Его ревность к Алексею Голицыну превратилась в настоящую ненависть. Ненависть разрасталась подобно многоглавому чудовищу одновременно с вожделением к Софье Ивановне, которое становилось уже просто невыносимым. В ненависти он находил утешение для уязвленного самолюбия, в своей одержимости обладать ею – искупление за отвергнутую любовь. Он с улыбкой играл роль смирившегося с поражением обаятельного, беззаботного друга семьи и терпеливо ждал своего часа. Беременность Софьи, это откровенное доказательство того, что она дарит наслаждение другому мужчине, Павел воспринял как нож в сердце. А они были так счастливы, так нежны друг с другом, поздравляя себя с этим событием, словно до них никто не рожал детей вовсе.
Прогуливаясь по анфиладе, он опять ощутил приступ застарелой злобы и ревности. Каждый раз, когда ему доводилось видеть ее округлившийся живот под свободными платьями в русском стиле, который снова ввела в моду Екатерина, дикие картины рисовались в его воображении. От них начинало колотиться сердце и потели ладони.
Потом возникло то самое нелепое дело Узника номер один. В 1741 году Елизавета, дочь Петра Великого, воспользовалась возникшим в России недовольством германским влиянием, вызванным правлением Анны Брауншвейгской, которая правила страной при малолетнем сыне, императоре Иоанне VI. Елизавета устроила переворот и объявила императрицей себя. Мать и дитя были брошены в темницу. С тех пор малолетний свергнутый царь и стал Узником номер один. Юноша, не видевший солнечного света, не получивший никакого образования, вырос душевнобольным, но само его существование представляло серьезную угрозу последующим властителям империи, чье право на престол могло быть оспорено тем, кто был незаконно отстранен от него. Этот вопрос беспокоил и Елизавету, и пришедшего вслед за ней Петра III, чье императорство оказалось недолгим. Теперь и Екатерина, свергнувшая своего мужа Петра III и закрывшая глаза на его убийство, не могла не ощущать тревоги и возможной опасности, исходящей от Узника номер один.

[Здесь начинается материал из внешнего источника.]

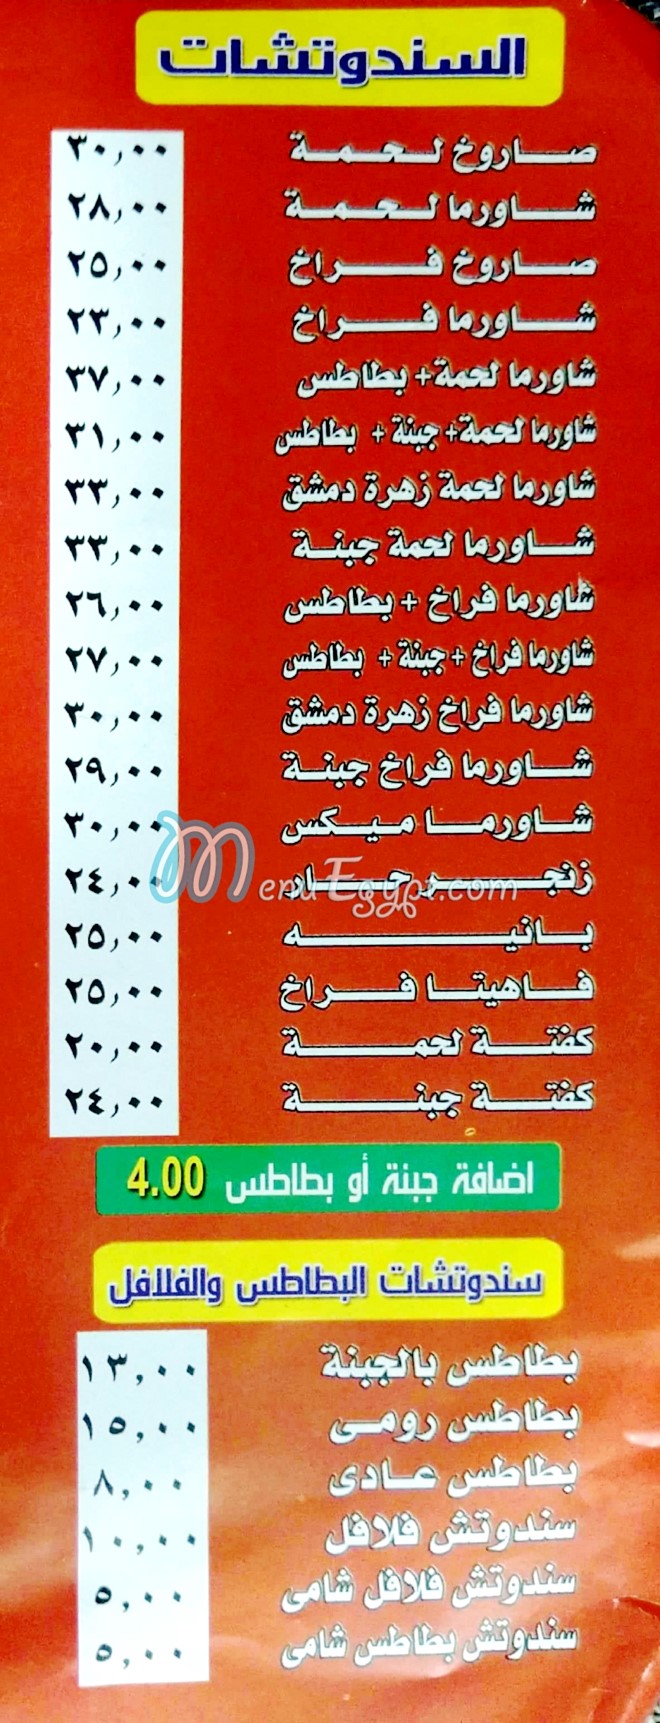 Shawarma Abu Yzn El Sory menu Egypt
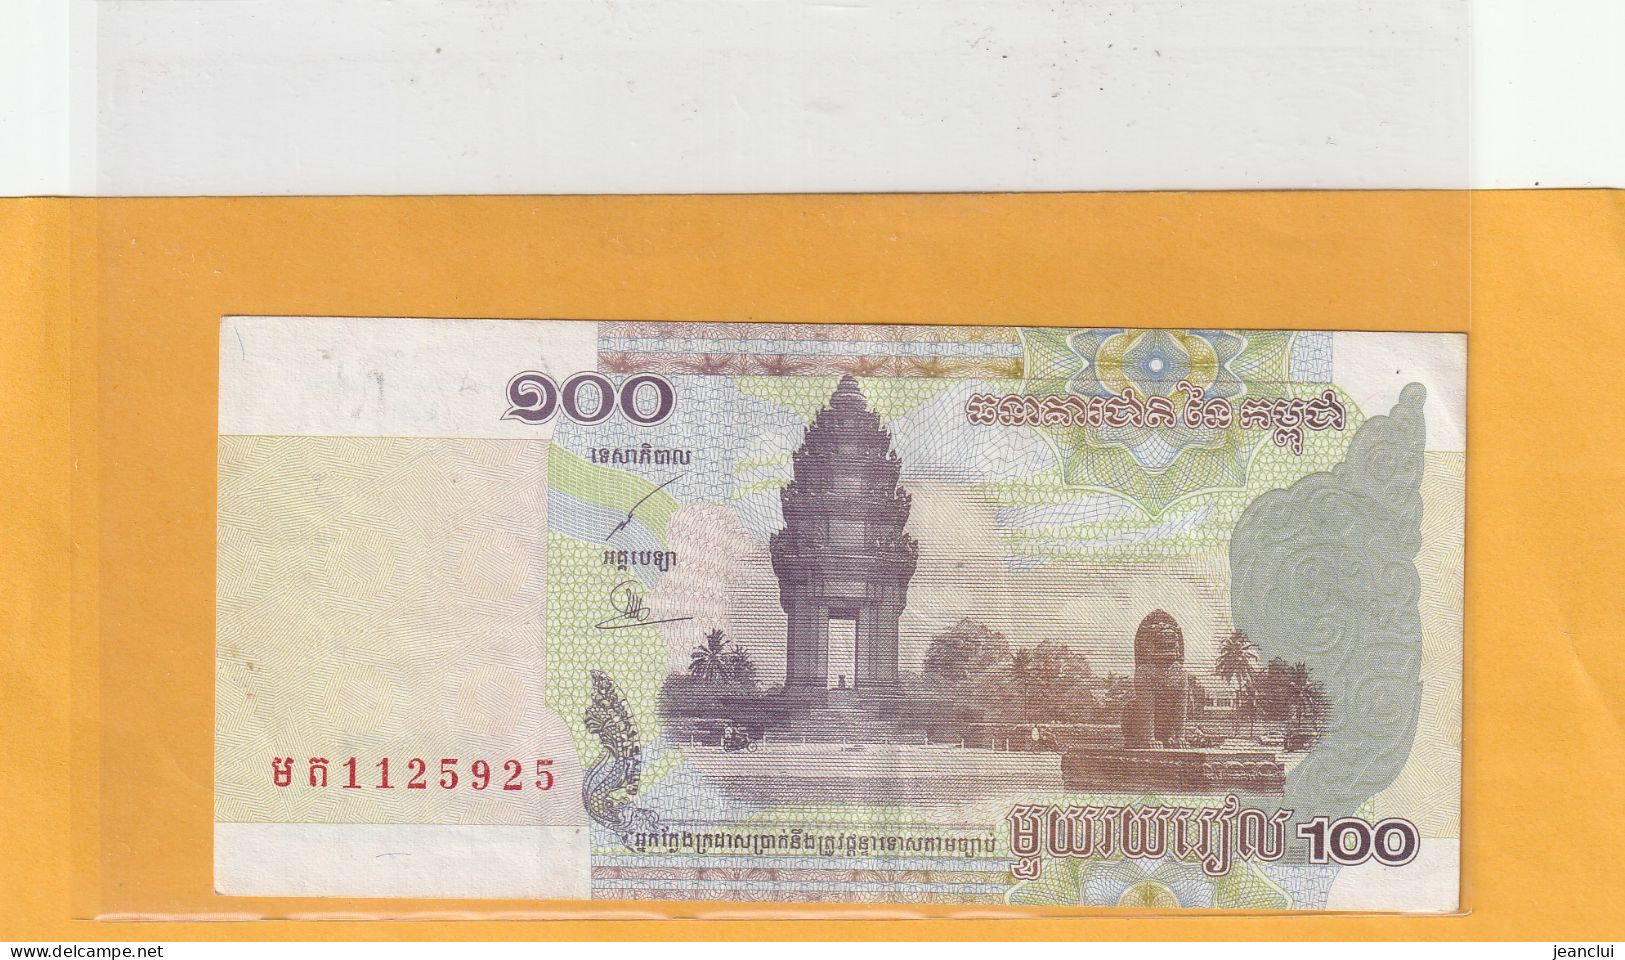 BANQUE NATIONALE DU CAMBODGE  .  100 RIELS  . 2001  . N°  1125925  .  BILLET ETAT LUXE  .  2 SCANNES - Cambodia

Только после его смерти императрица могла бы почувствовать себя относительно спокойно, но для той, чей муж совсем недавно нашел свою мучительную гибель, полностью соответствующую ее интересам, подобный поворот событий оказался крайне невыгоден. Новоиспеченная императрица вовсе не желала, чтобы в глазах дворов и правительств всей Европы, с чьим мнением она не могла не считаться, ее репутация оказалась подмоченной. Екатерина резко и решительно подавила все слухи о том, что восстание, приведшее к смерти супруга, произошло с ее ведома; она устраивала показательные казни всех, кто хотя бы малейшим образом был замешан в этой истории… Именно тогда в салоне Голицыных и прозвучали неосторожные речи.
В них не было ничего особенного, всего лишь утверждалось, что Иоанн VI за свою короткую жизнь не видел справедливости, напоминалось о том, что он все-таки был коронован на царство и его свержение было проведено в такой спешке и тайне, что вызывает подозрения. Но в это беспокойное время и таких речей было вполне достаточно, чтобы представить их как начало заговора по вызволению законного царя из заточения. Императрица приказала арестовать Голицыных. Они в панике бежали. В погоню отрядили их лучшего друга князя Дмитриева. На то был, разумеется, издан соответствующий императорский указ, и князь сильно колебался, но был обязан повиноваться своей повелительнице.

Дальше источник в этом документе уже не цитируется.